Prayers of Parents
June 17, 2024
Prayers of Parents
1 Samuel 1:1-6, 9-18
by the Rev. Dr. E. Scott Jones
First Central Congregational Church
16 June 2024
When Stephen and I were planning this worship series we noted that this story from I Samuel, centering a woman desiring a child, would, ironically, fall on Father’s Day.
So, we decided to lean into it and focus our attention more broadly upon parenting and families.
But this isn’t a story about some conventional family. For one, Elkanah has two wives. A reminder that families come in various forms.

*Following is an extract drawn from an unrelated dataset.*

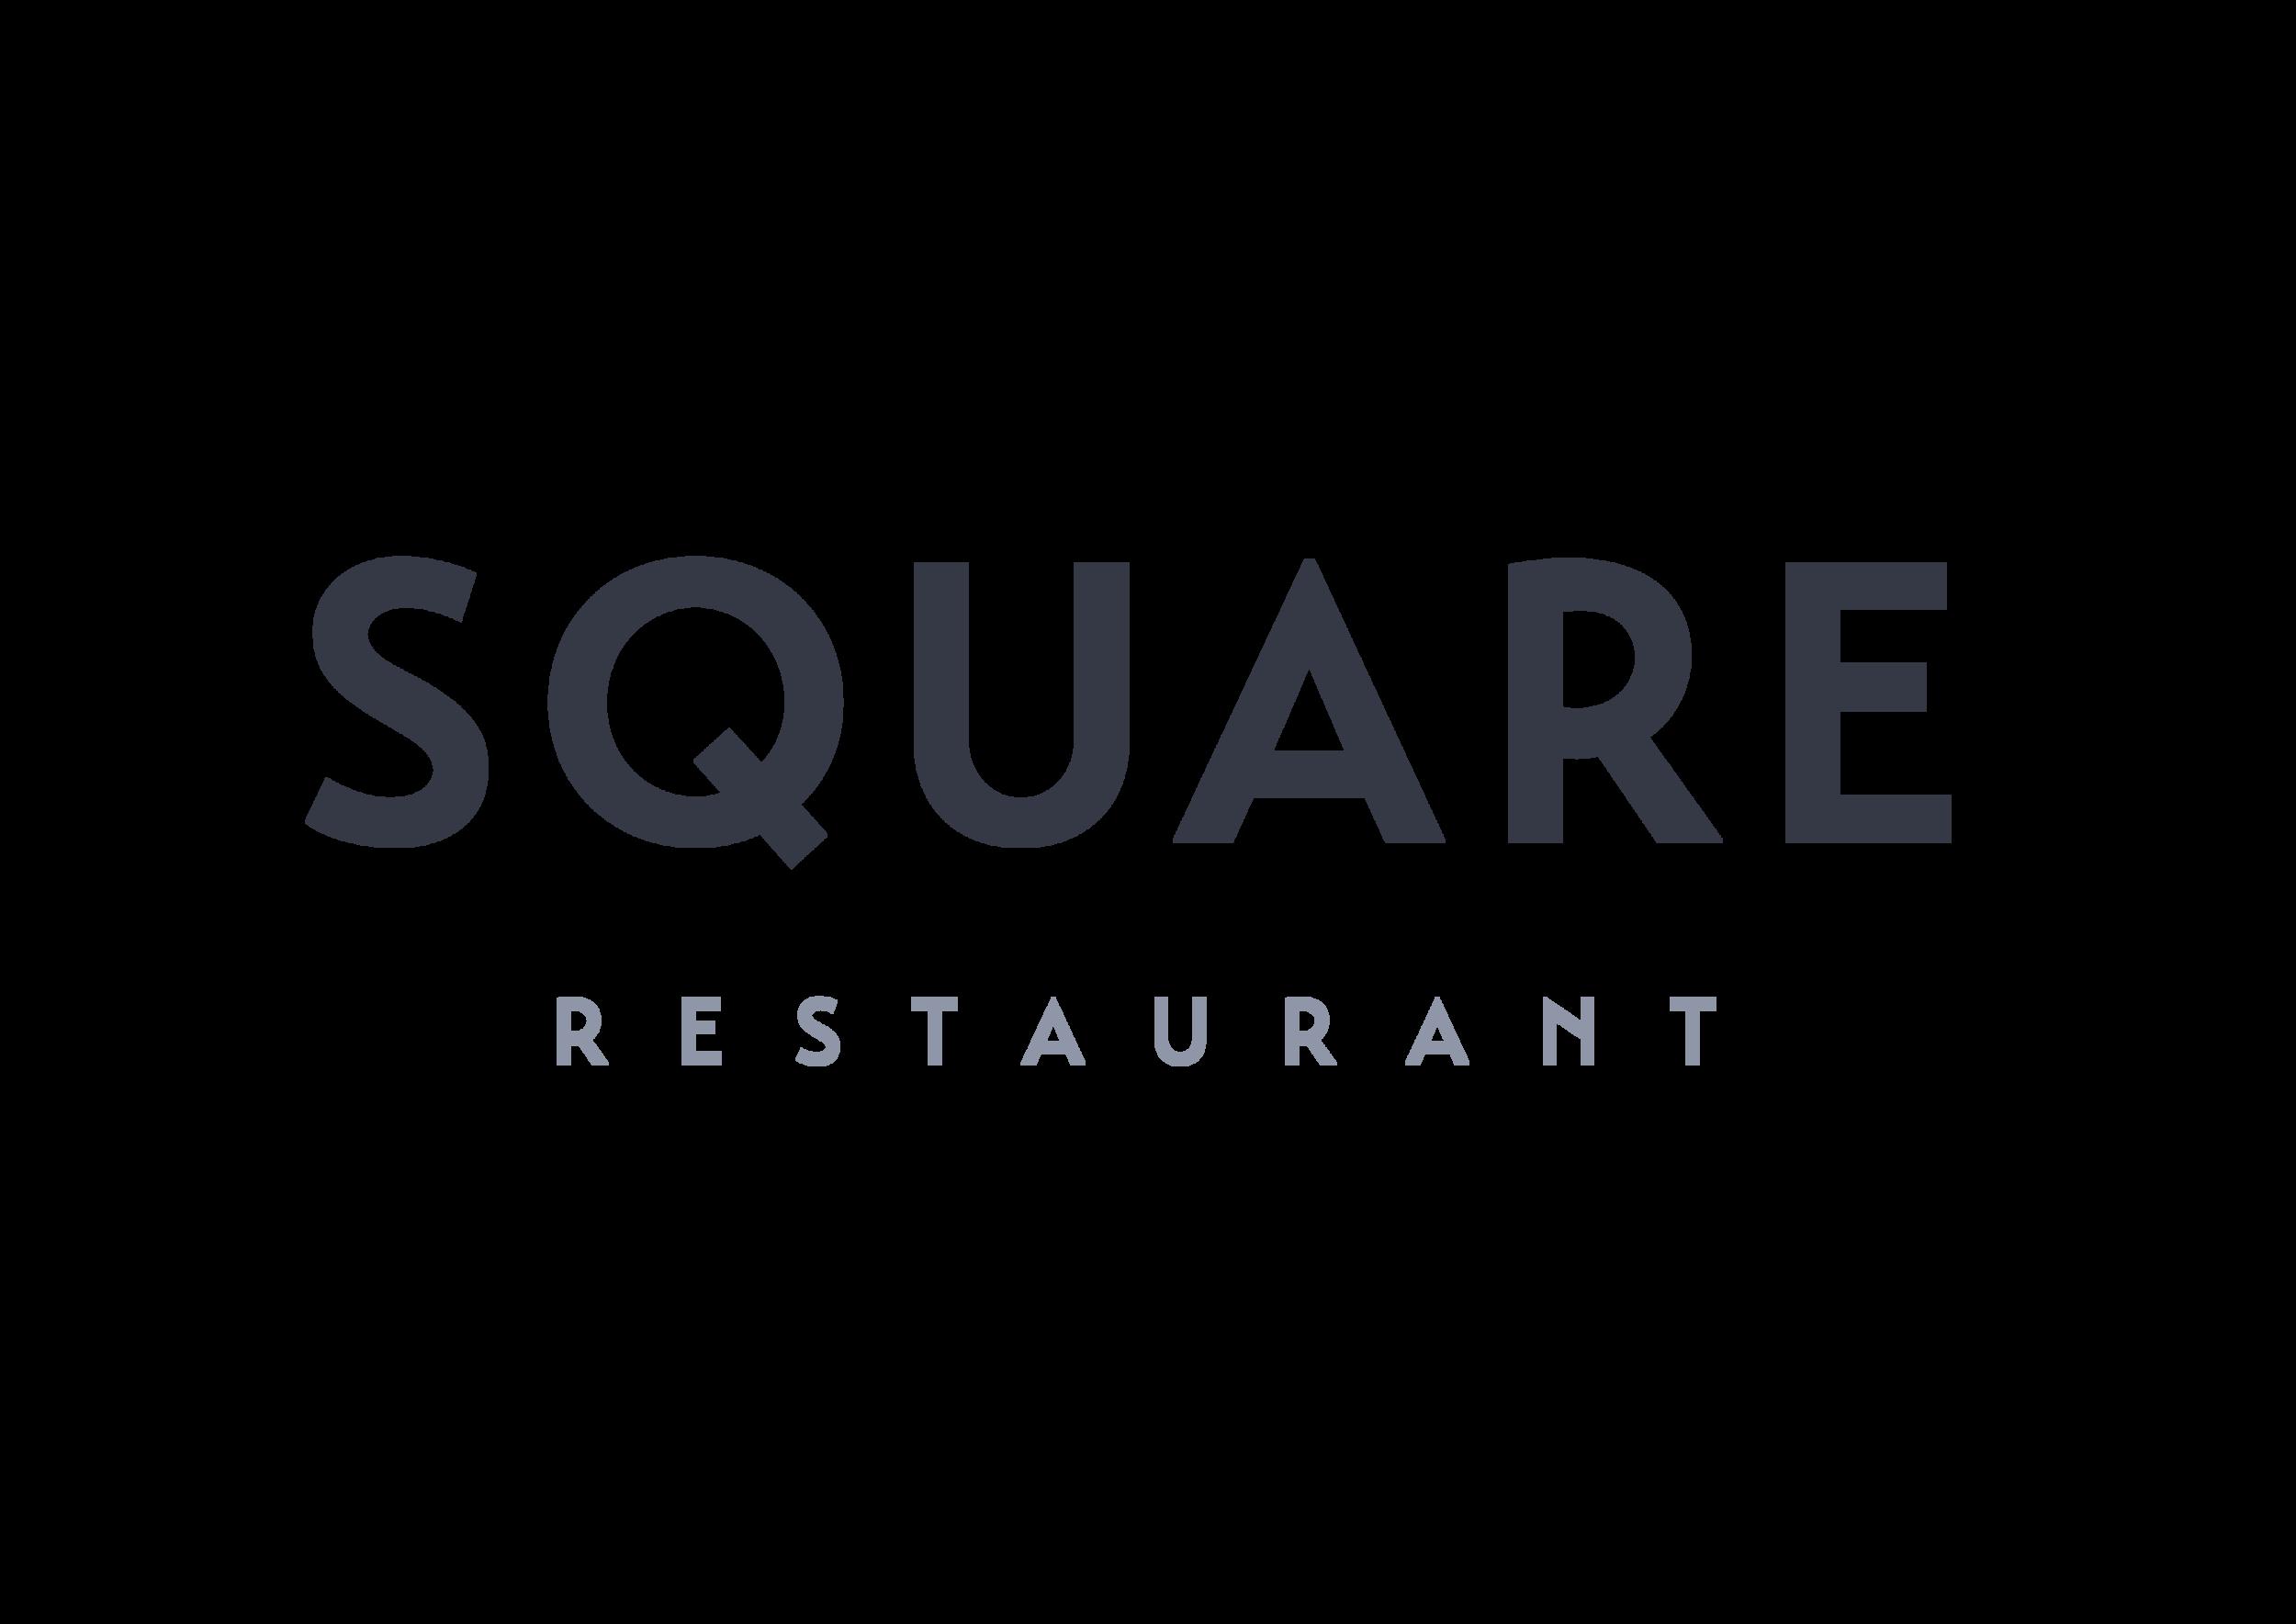 Square_logo-09.png

The feature of the story that resonates for many of us in the 21st century is Hannah’s struggle in her effort to have a child. Many families struggle with fertility. Many must find alternative paths to form their families. Two months ago, we hosted a First Forum in which some of our church families talked about the various routes they took in forming their families. Adoption, in vitro, donors, surrogates—these and other methods have become common. In a story like today’s, we can find parallels to our experiences.
Which is part of the power of the Bible. As Eugene Peterson described it, “The biblical way is to tell a story and invite us: ‘Live into this—this is what it looks like to be human in this God-made and God-ruled world; this is what is involved in becoming and maturing as a human being.’”

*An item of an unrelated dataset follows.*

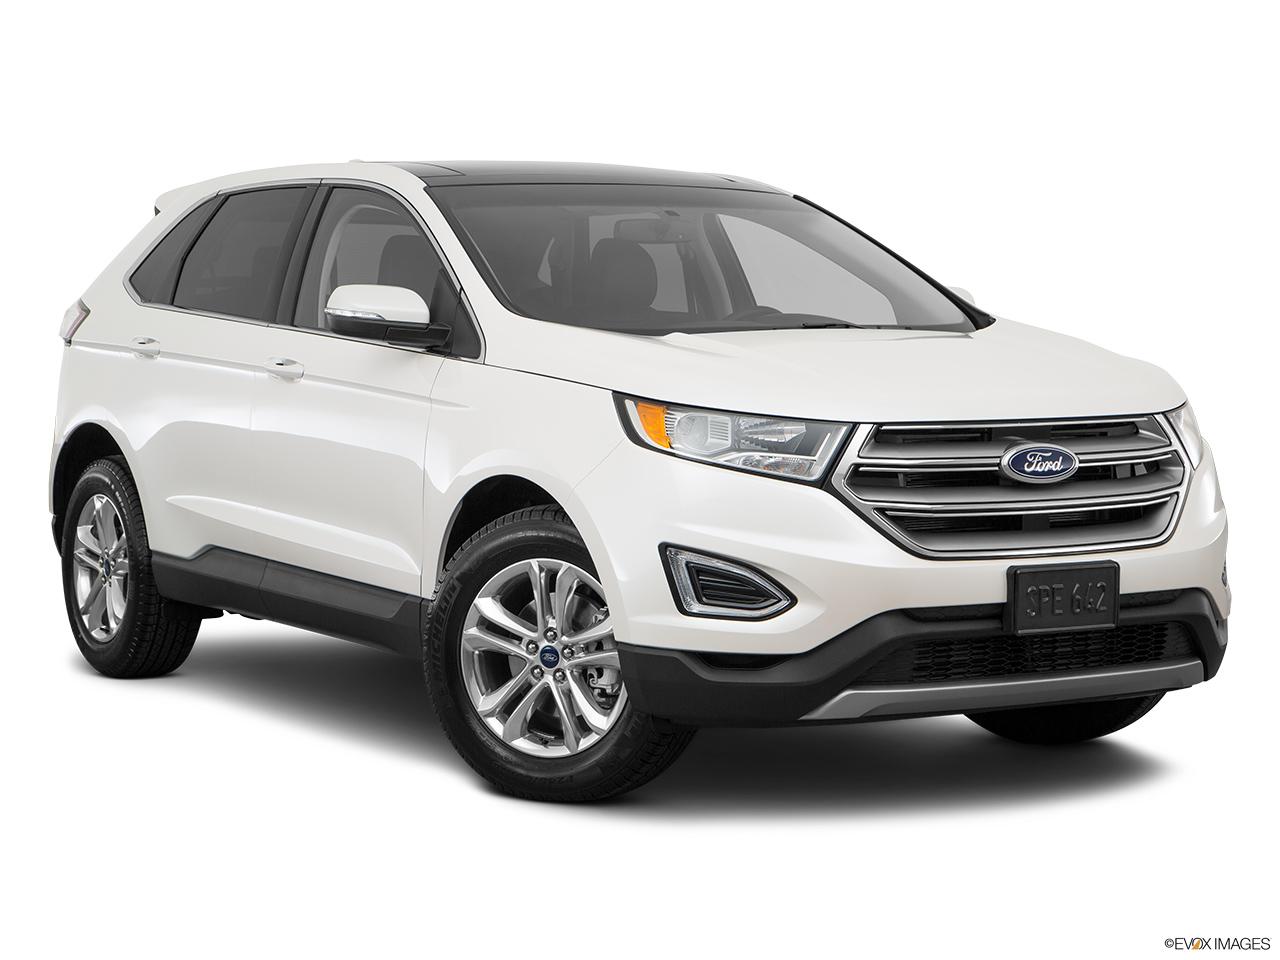 Ford Edge L Ecoboost Sel Awd Kuwait Front Passenger

So these ancient stories call for our participation—to find the ways that God connects to us and speaks to us and the ways these stories resonate with our own.

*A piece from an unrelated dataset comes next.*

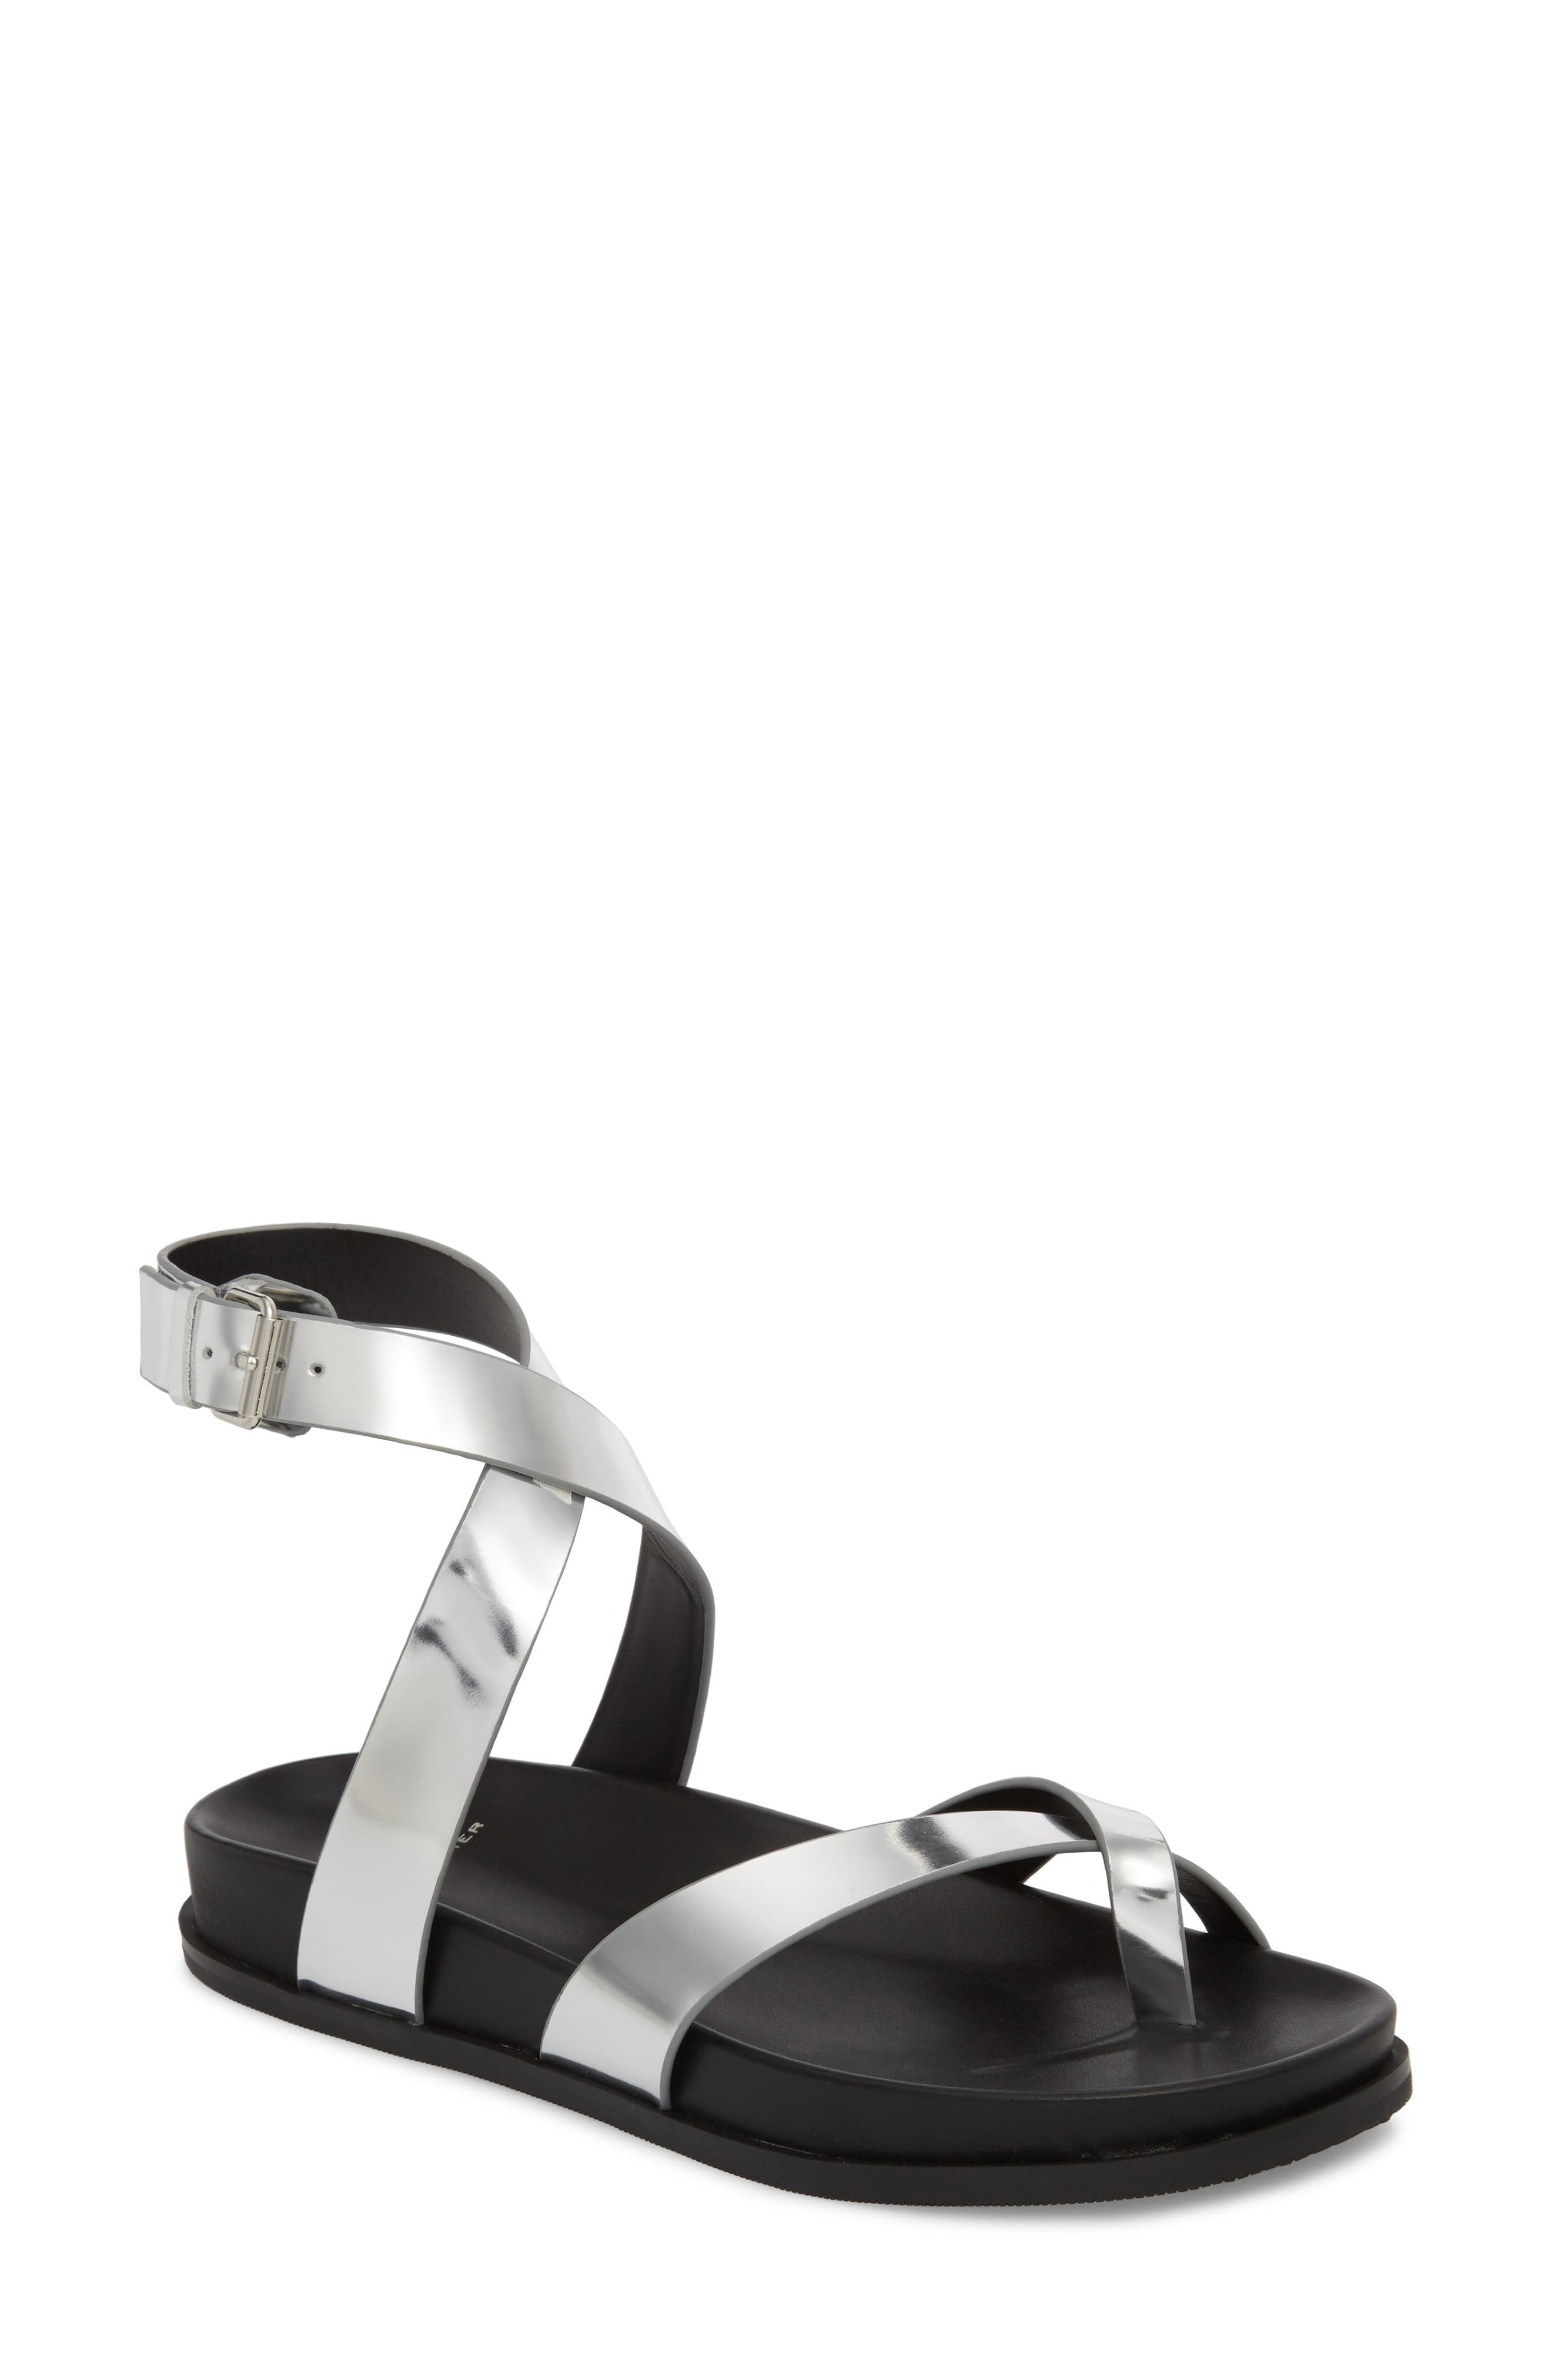 Yarina Sandal,                         Main,                         color, Silver Leather

Before continuing, I do want to take a moment to comment on something. This week the Southern Baptist Convention, the denomination I grew up in and was ordained in, passed a resolution against in vitro fertilization. Probably all of us know children born through this medical procedure. Couples who struggled emotionally and physically to have children and experienced in vitro as a modern miracle.
In vitro fertilization helps to create life, to create families, to expand our ability to love and care for one another. God gave us amazing brains and with those brains we’ve gained scientific understanding of the world. We’ve invented and developed medical technologies and procedures that allow us to address age-old human conditions, like infertility. Why shouldn’t we understand these modern medical miracles as themselves part of God’s gift and blessing?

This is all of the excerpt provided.